Brief: Go through the data and copy every line exactly, but not the images.

The data:
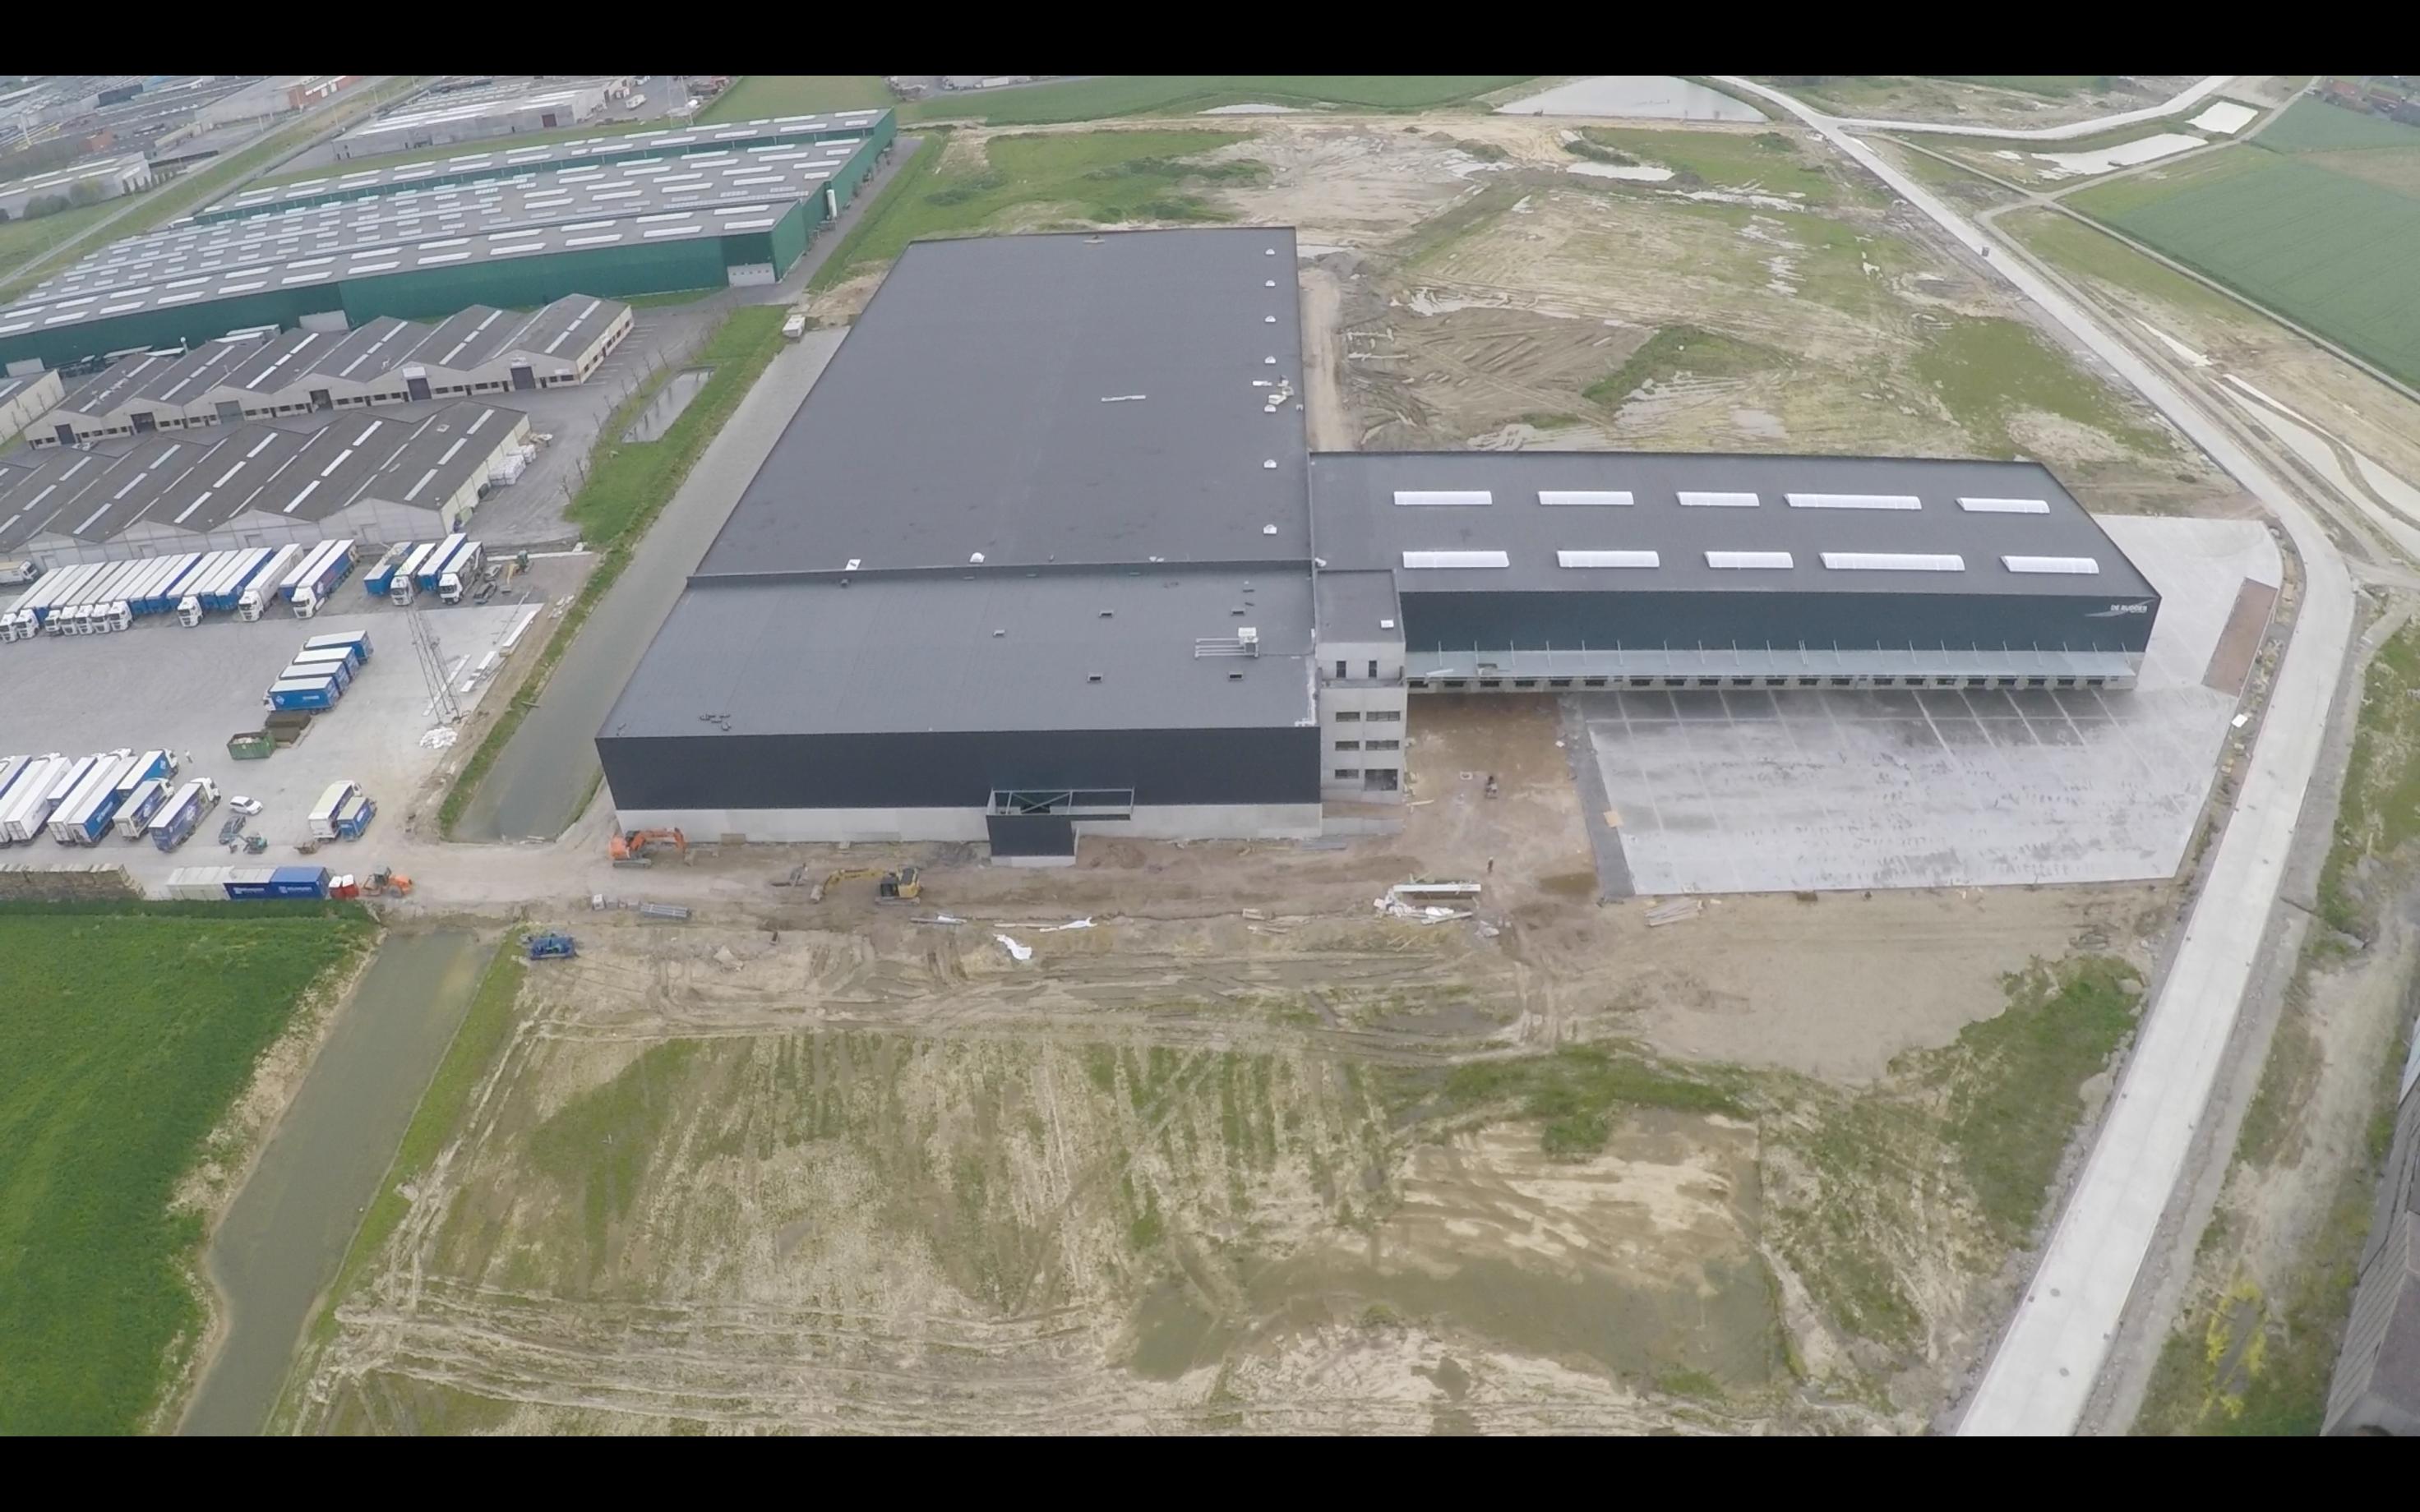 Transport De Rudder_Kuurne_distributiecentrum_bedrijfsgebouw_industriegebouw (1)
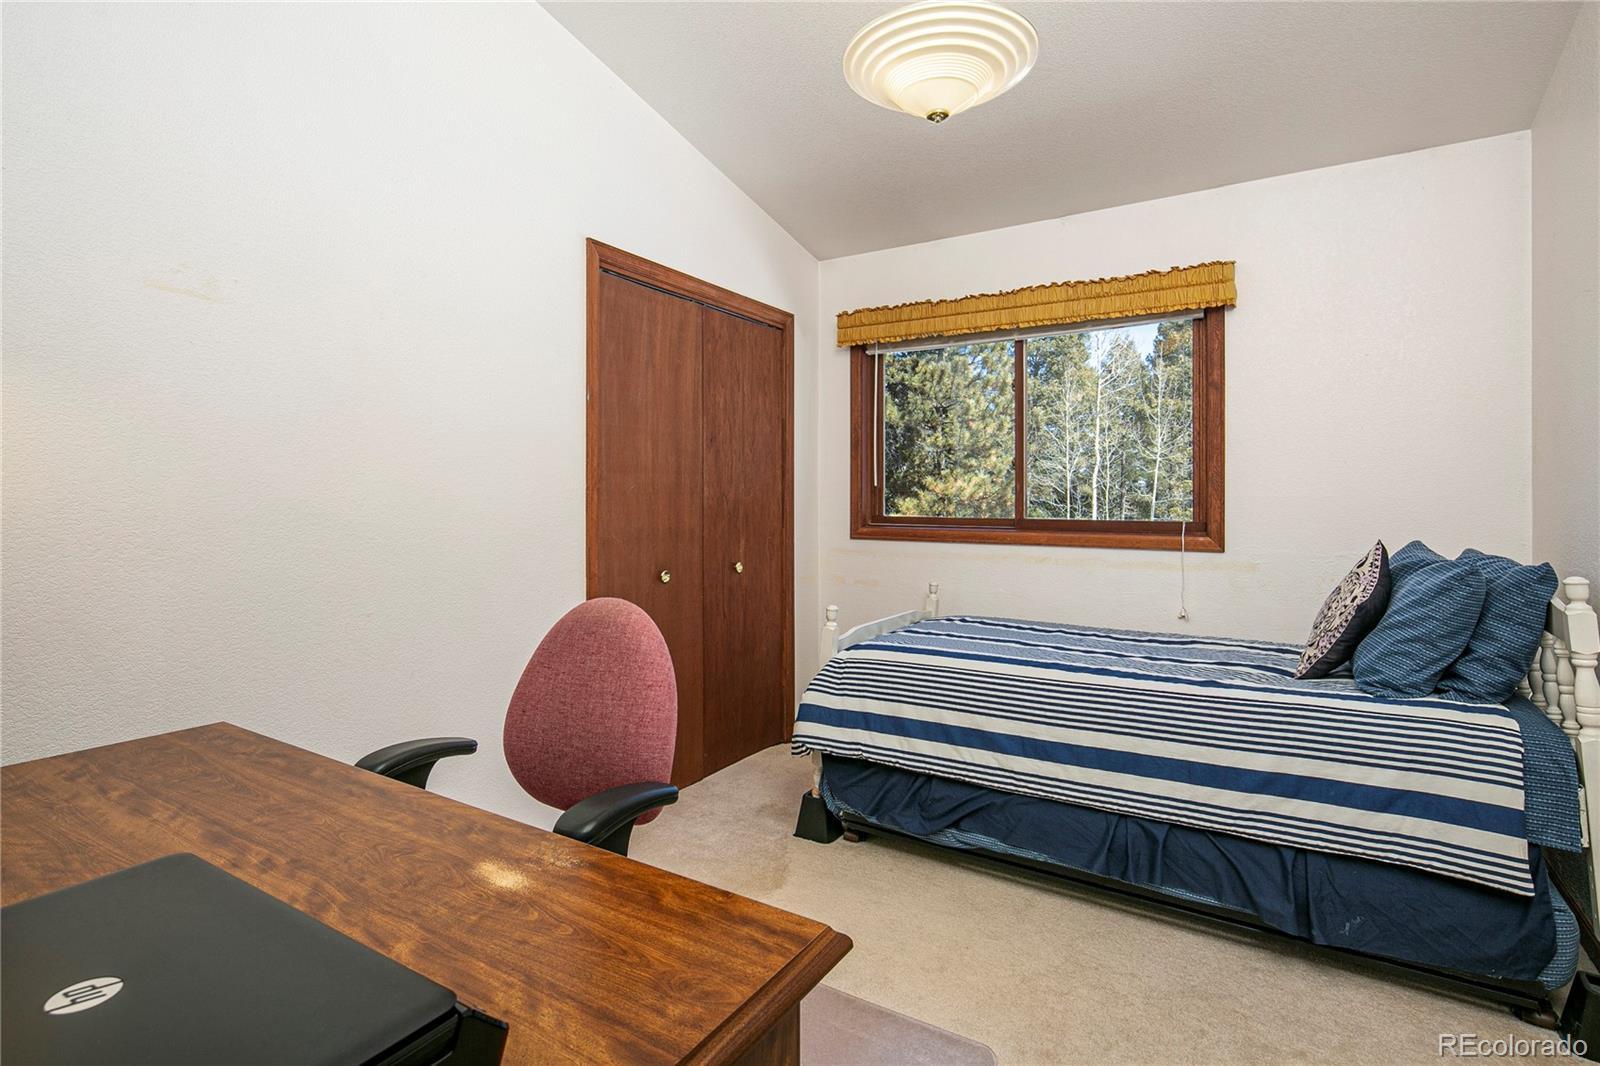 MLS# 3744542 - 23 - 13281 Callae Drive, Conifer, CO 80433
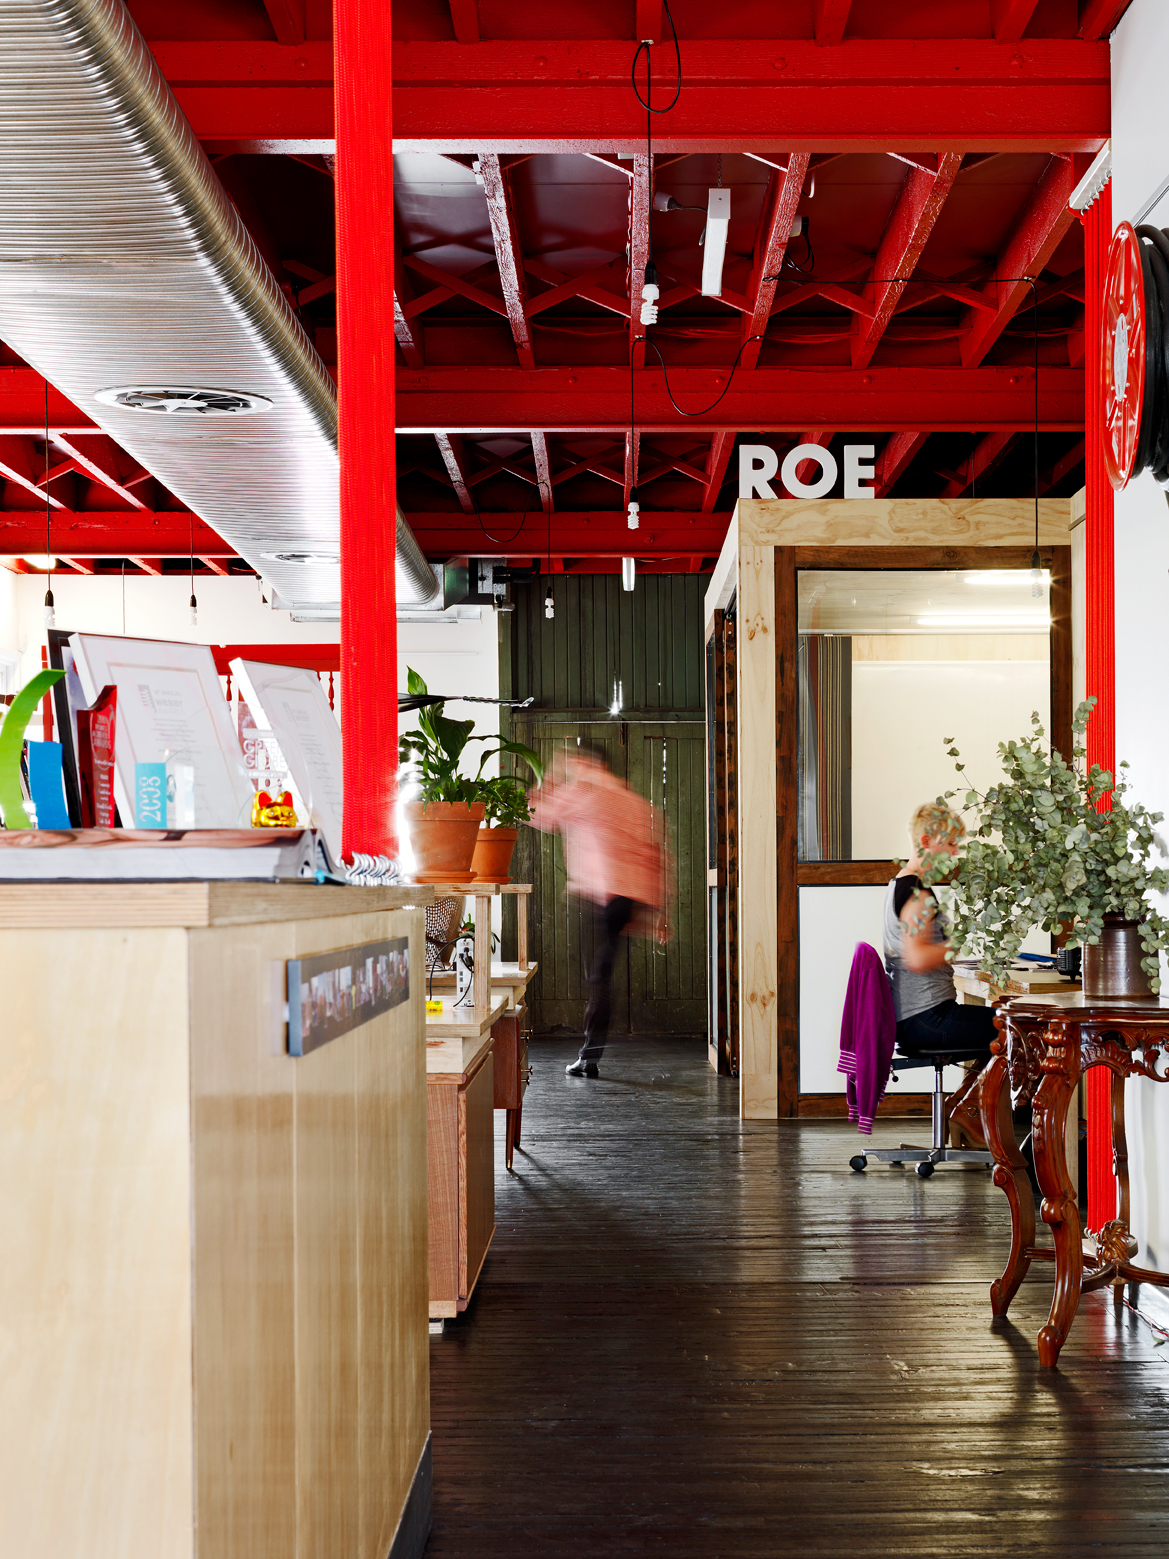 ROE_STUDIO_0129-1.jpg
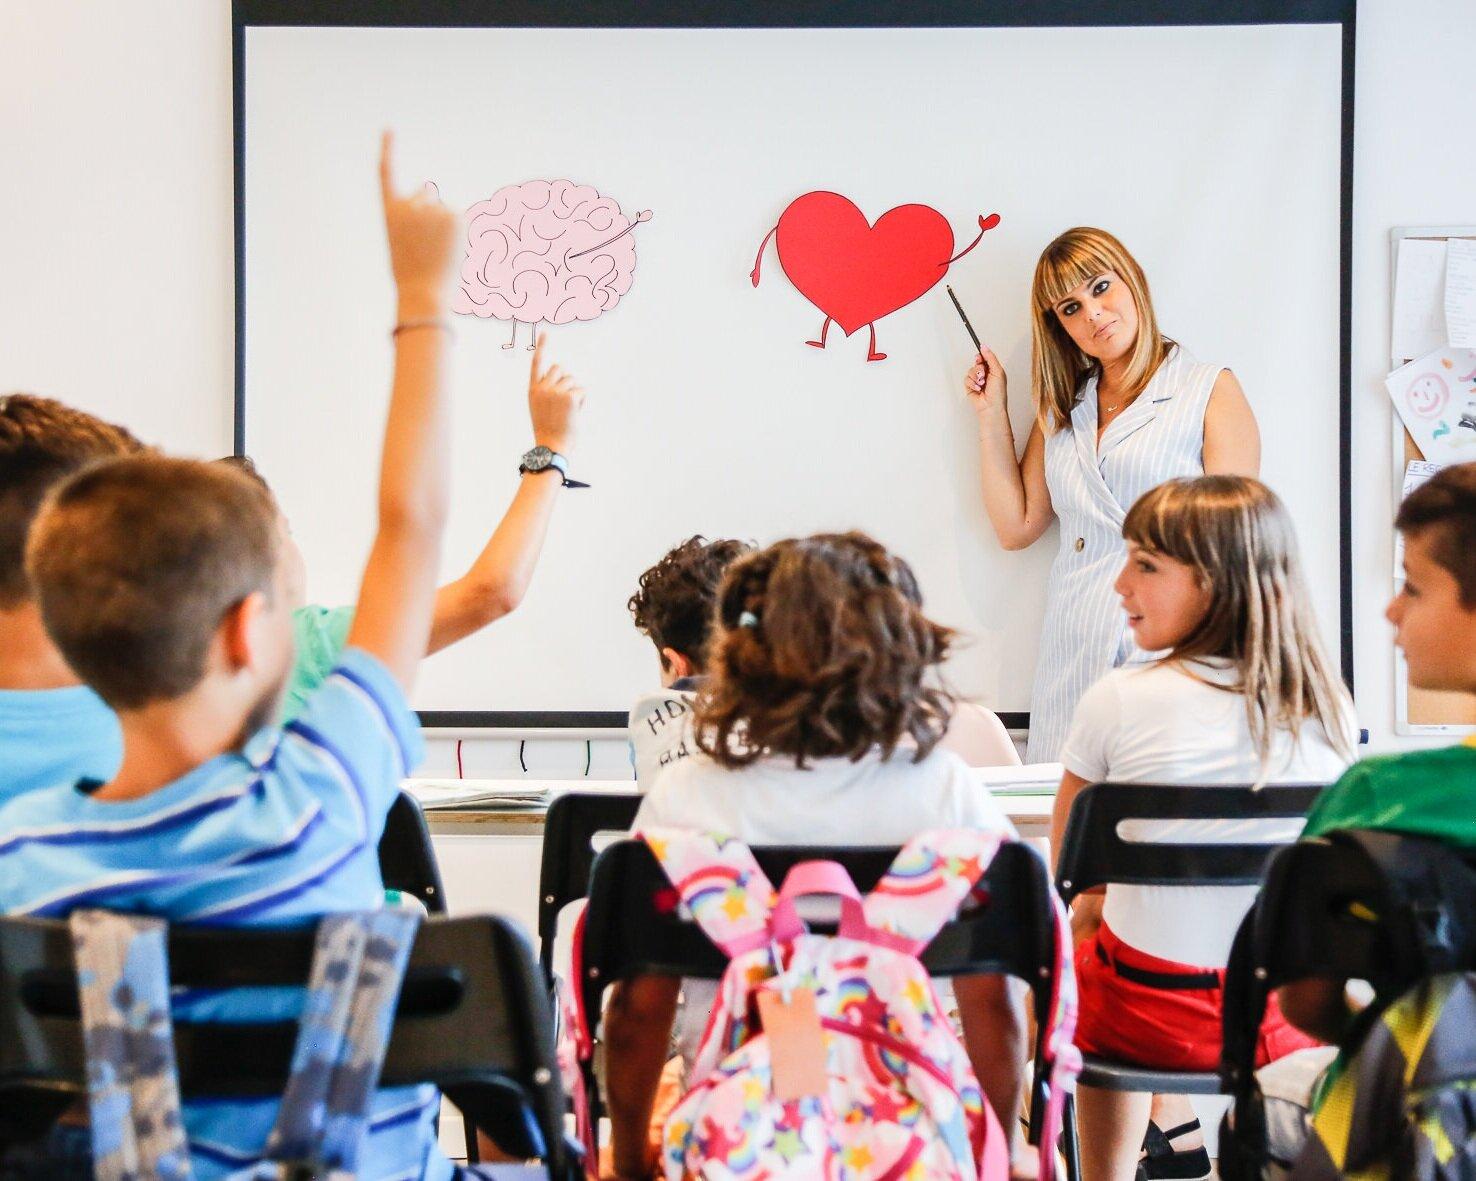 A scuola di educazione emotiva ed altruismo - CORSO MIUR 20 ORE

Exercise answer:
 Transport De Rudder_Kuurne_distributiecentrum_bedrijfsgebouw_industriegebouw (1)
 MLS# 3744542 - 23 - 13281 Callae Drive, Conifer, CO 80433
 ROE_STUDIO_0129-1.jpg
 A scuola di educazione emotiva ed altruismo - CORSO MIUR 20 ORE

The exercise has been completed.